Filter

A frequently performed task in a DBMS is row filtering, which involves applying a predicate (boolean mask) to selectively filter rows.

This is what the Filter function does. Filter is a method on each ChunkedArray that takes a BooleanChunked and returns a filtered ChunkedArray.

For example:

#![allow(unused)]
fn main() {
let array = ChunkedArray::new("foo", [1, 2, 3, 4]);
let predicate = ChunkedArray::new("pred", [true, false, false, true]);
let filtered = array.filter(&predicate);
// Output: ChunkedArray("foo", [1, 4]);
}

The Filter-Trick

An optimization that Polars uses for filtering is “the filter trick”, as Ritchie calls it in his blog.

The idea originates from the observation that having to iterate each bit in the filter mask and having to copy each value to the output array one by one is slow.

Oftentimes, there are sequences of consecutive values that can be skipped. For instance, if there are 1000 consecutive 0s, it is preferable to skip them rather than iterating over each one individually.

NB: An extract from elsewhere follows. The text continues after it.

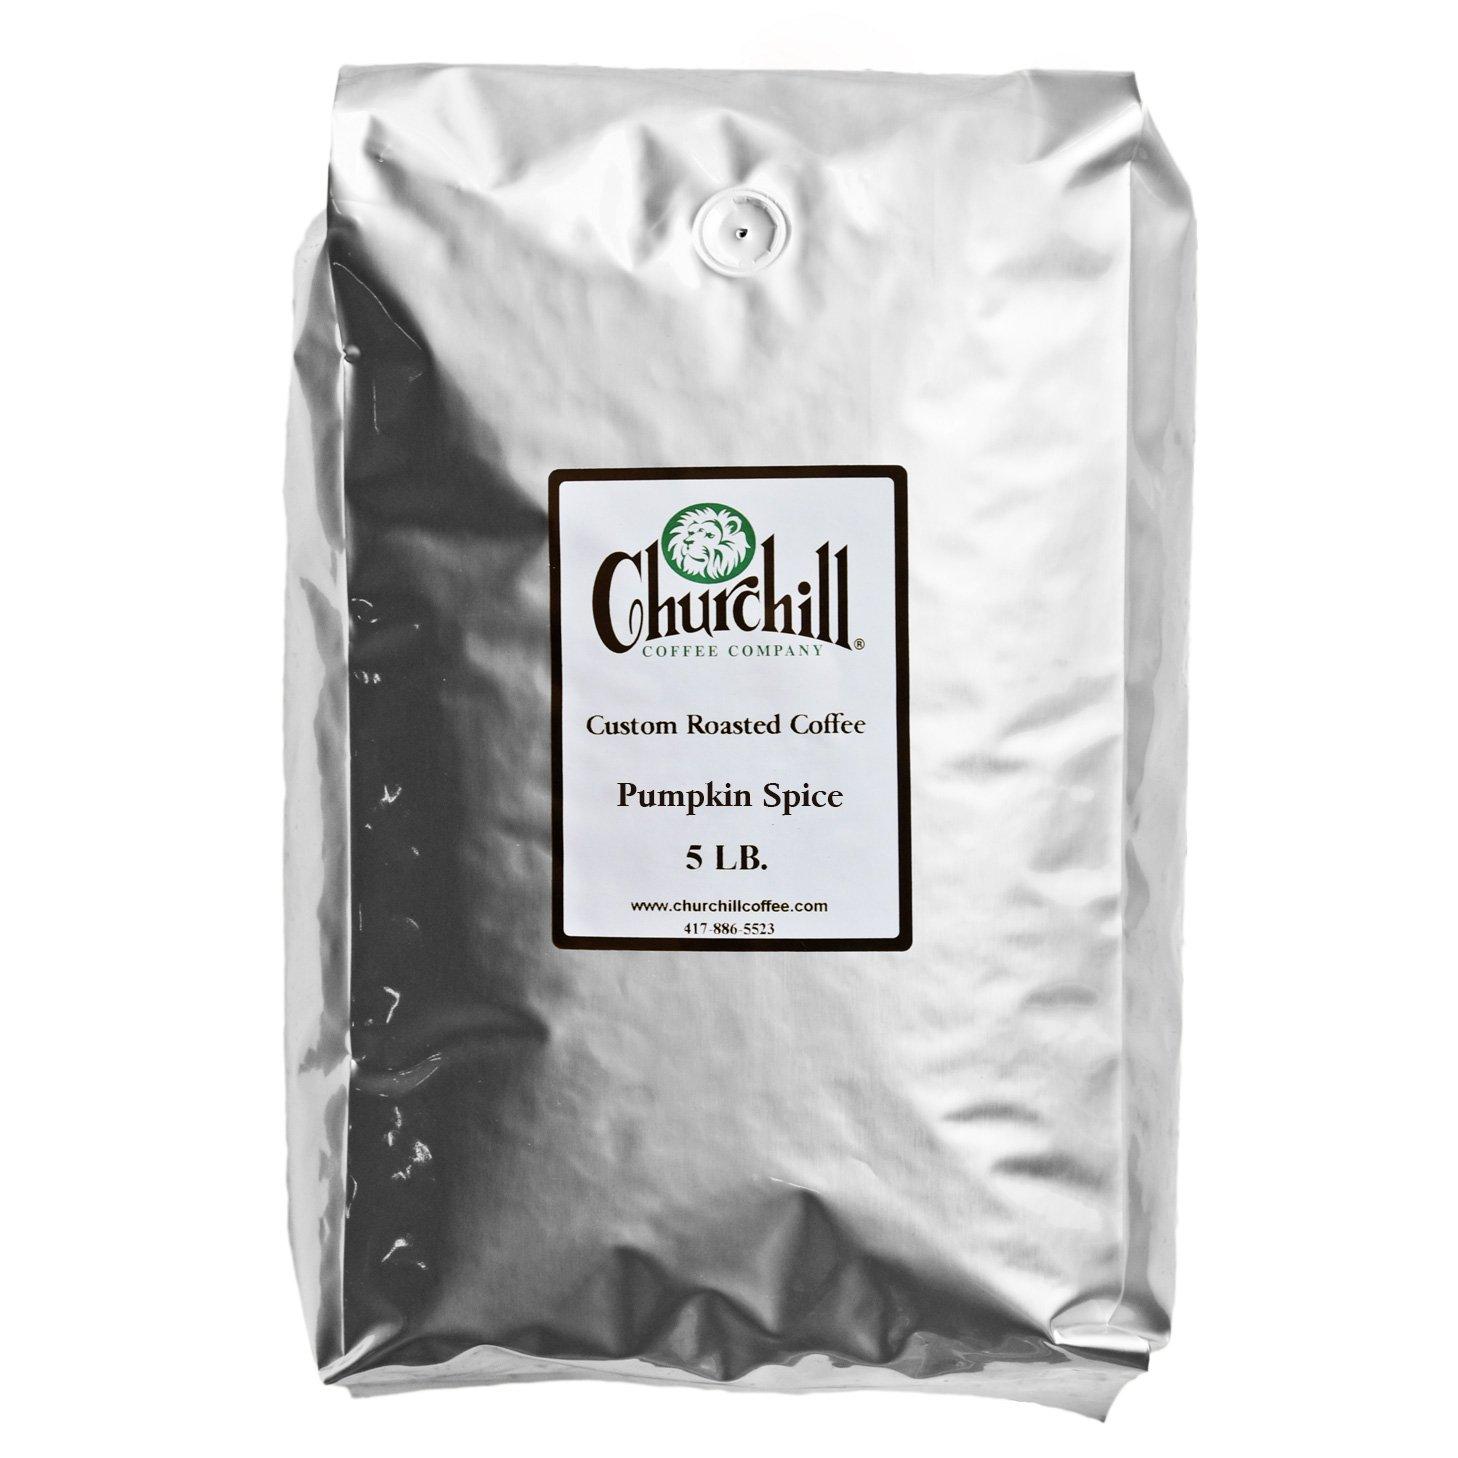 Churchill Coffee Pumpkin Spice lb Ground 5 Denver Max 72% OFF Mall -

The filter-trick first loads the bit array into an any integer type, such as u64. By doing so, we know that the numbers can range from 64 consecutive 1s ( 11...1s) to 64 consecutive 0s (00...0)s.

If the integer belongs to any of the following entries, then we can do a memcpy to efficiently copy the value to the output. For example, if the binary is equivalent to 2^64 - 2^2, then we can just copy the first 63 values into the output array.

If you want to look at the code, the filter-trick lives inside the Arrow2’s filter function. The algorithm first loads the bit array into u64 integers.

It then checks if the loaded integer falls in any of the entries above. This is achieved by getting the leading ones in the number and checking if that is equal to the total number of 1s in the number. If it is, then the first N elements can be copied to the destination.

As stated in Ritchie’s blog, if the predicate bit array alternates between boolean values, such as [true, false, true, false, ..., true, false], then the trick has an overhead.